▶ [AIM OF THE EXERCISE]: Pull every line holding the word "eine" out of the data and copy it.

Data entries
......

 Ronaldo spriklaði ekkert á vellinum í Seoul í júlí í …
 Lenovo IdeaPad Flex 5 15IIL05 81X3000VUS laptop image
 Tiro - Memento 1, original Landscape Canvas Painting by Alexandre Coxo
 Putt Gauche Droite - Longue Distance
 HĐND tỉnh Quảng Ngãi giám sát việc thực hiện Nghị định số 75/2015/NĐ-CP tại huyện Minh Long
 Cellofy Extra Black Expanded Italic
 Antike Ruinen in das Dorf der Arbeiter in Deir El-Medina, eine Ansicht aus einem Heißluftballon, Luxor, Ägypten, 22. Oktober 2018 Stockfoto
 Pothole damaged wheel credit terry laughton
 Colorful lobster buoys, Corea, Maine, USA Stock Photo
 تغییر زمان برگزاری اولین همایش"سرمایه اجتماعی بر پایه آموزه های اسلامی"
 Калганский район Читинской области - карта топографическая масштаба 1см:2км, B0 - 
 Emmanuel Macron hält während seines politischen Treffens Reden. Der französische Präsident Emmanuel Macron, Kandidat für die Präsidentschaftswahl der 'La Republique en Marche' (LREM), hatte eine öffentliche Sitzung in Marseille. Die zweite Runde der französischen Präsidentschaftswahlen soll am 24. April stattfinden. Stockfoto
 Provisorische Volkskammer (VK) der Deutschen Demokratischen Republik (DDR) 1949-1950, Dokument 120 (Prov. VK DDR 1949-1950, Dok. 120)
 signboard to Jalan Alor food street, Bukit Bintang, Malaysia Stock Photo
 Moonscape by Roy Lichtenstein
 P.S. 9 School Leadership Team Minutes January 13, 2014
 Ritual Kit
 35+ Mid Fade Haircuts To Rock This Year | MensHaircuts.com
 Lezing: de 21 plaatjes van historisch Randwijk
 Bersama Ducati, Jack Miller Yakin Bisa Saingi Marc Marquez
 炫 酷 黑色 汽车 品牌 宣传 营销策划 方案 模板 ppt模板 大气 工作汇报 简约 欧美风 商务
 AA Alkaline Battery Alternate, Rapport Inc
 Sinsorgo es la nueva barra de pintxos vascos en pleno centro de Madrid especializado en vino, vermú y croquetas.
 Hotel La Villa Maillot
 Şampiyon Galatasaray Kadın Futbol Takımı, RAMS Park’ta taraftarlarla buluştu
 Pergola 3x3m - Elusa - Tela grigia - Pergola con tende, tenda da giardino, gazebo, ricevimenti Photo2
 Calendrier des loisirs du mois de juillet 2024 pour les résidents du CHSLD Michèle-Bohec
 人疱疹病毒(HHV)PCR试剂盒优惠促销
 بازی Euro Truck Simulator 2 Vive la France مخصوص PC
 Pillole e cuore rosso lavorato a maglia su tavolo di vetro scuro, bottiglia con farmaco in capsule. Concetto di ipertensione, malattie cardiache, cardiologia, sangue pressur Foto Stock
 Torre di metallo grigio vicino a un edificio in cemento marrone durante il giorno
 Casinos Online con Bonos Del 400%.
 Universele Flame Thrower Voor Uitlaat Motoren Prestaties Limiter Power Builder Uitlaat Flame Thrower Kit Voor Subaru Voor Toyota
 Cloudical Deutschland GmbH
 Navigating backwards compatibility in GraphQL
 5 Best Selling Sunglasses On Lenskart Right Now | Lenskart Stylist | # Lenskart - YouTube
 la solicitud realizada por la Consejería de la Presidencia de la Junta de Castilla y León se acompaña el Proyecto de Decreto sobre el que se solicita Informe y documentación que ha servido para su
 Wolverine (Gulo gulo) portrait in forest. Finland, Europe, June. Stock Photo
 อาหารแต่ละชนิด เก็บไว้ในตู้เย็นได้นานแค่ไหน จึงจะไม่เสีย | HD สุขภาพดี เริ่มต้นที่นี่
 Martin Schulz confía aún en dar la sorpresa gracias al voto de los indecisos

......

▶ [OUTPUT BELOW]:
 Antike Ruinen in das Dorf der Arbeiter in Deir El-Medina, eine Ansicht aus einem Heißluftballon, Luxor, Ägypten, 22. Oktober 2018 Stockfoto
 Emmanuel Macron hält während seines politischen Treffens Reden. Der französische Präsident Emmanuel Macron, Kandidat für die Präsidentschaftswahl der 'La Republique en Marche' (LREM), hatte eine öffentliche Sitzung in Marseille. Die zweite Runde der französischen Präsidentschaftswahlen soll am 24. April stattfinden. Stockfoto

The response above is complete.